Оставив в стороне рождественские приготовления, Хейке поскакал к акушерке, которая жила в маленьком домике на другом берегу озера.
Времени на болтовню у нее было не так много, она как раз варила рождественскую кашу, но между делом могла выслушать его.
Хейке всегда представлял себе акушерок толстыми, жизнерадостными женщинами, а эта была щуплой, костлявой, беспокойной.
Эрланд Бака? Зачем ему об этом знать?
Хейке пришлось прочитать ей целую лекцию о своем пропавшем родственнике. Не мог ли Эрланд быть приемным ребенком?
— Эрланд? — захохотала она. — Это, конечно, кукушонок, но… Куда же подевалась соль?
Кукушонок? Сердце у Хейке забилось. Наконец-то он вышел на верный след!
— Ну, вот, нашла.
Посолив кашу, акушерка присела на минутку за стол.
— То, что этот самый Эрланд не записан в церковной книге, имеет свои причины, молодой господин! Дело в том, что он незаконнорожденный. Он рожден в грехе и блуде. А таких детей не записывают в церковные книги!
— Но разве он не пятый сын? — спросил Хейке, совершенно сбитый с толку.
— Он рожден от другого отца. Ах, это такая печальная история! Сюда приезжало из Стокгольма несколько знатных господ — погостить у прежнего хозяина поместья. И одному из них приглянулась Бритта Бака — и она была не против. Муж ее трезво смотрел на вещи и признал Эрланда своим. Но церковь не захотела признать его.
— Значит, Эрланд все-таки родился здесь?
— Я сама помогала ему появиться на свет, — сказала акушерка. — Господи, как он орал! Словно протестовал уже тогда! Да, это новый хозяин имения, граф Поссе, распорядился, чтобы его взяли в солдаты. Он хотел сделать мальчику хоть какое-то добро, потому что он много страдал в детстве, поскольку тот знатный господин, гостивший в его доме, плохо обошелся с его матерью.
— Но почему вы так уверены в том, что именно этот человек его отец?
Акушерка засмеялась, показывая все три своих зуба.
— Потому что сам Бака всю зиму провел на принудительных работах в Вехье!
Вот оно что.

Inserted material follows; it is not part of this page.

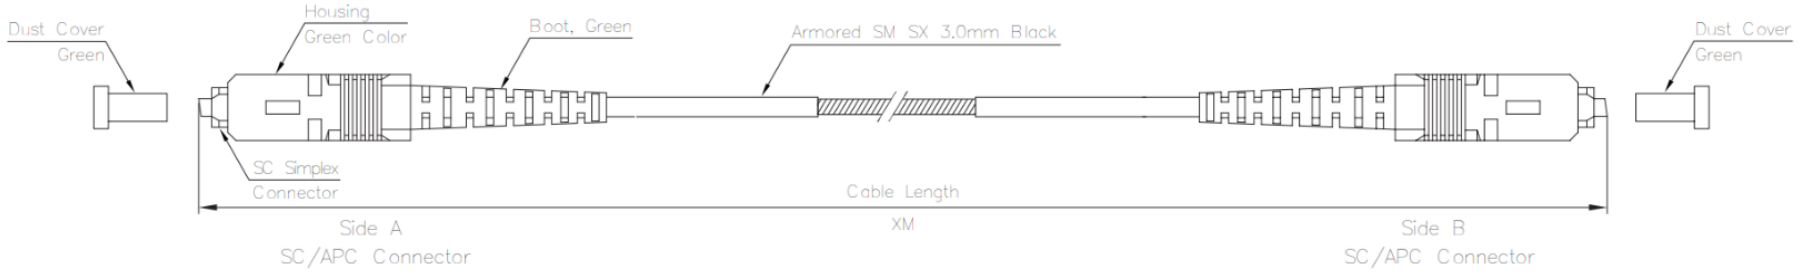 Micro-armored Fiber Patch Cable - SCAPC/SCAPC
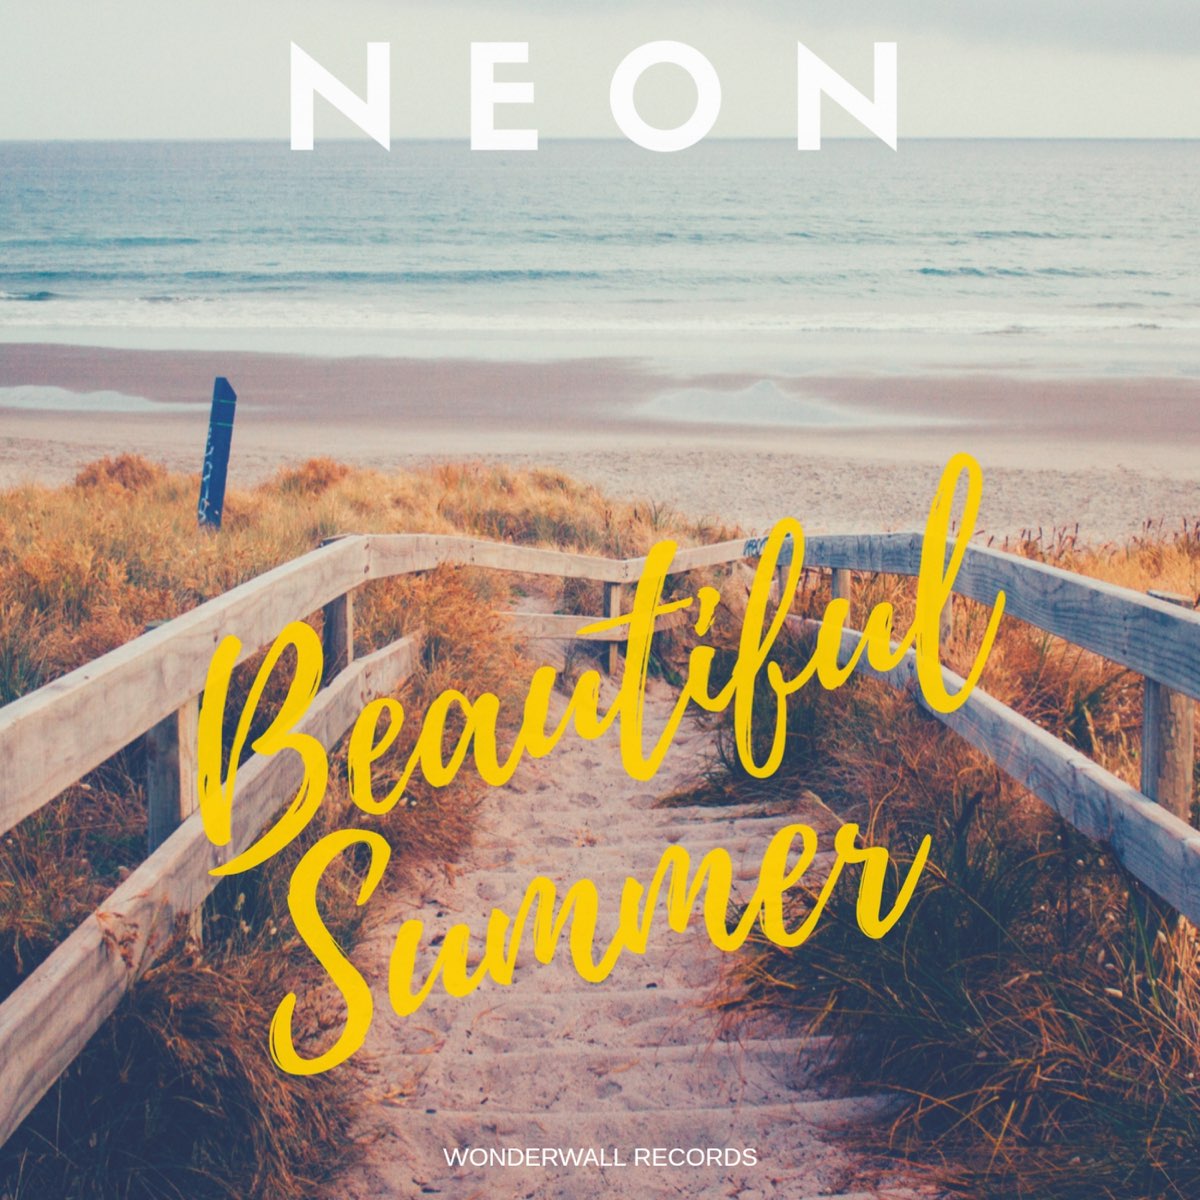 Neon Summer. It was a beautiful summer

Значит, так оно и есть.
— А ты-то сам, мальчик? Твоей матери пришлось потрудиться, производя тебя на свет! С такими-то плечами!
Только акушерка могла сказать такое.
— Она умерла, — коротко ответил Хейке. Ее покрытая редкими волосами голова несколько раз кивнула.
— Могу себе представить. Тебе ведь и самому приходится не сладко, мальчик?
— Да, — ответил Хейке.
Все возможности найти Кристера в Бергкваре были теперь исчерпаны, акушерка подтвердила это.
И Хейке решил все-таки поехать в другую Бергквару. В ту, что находилась на берегу моря, на границе между Смоландом и Блекинге.
Он колебался. Ему было так хорошо среди своих новых друзей. А тут опять в дорогу! Он вдруг почувствовал себя невероятно усталым.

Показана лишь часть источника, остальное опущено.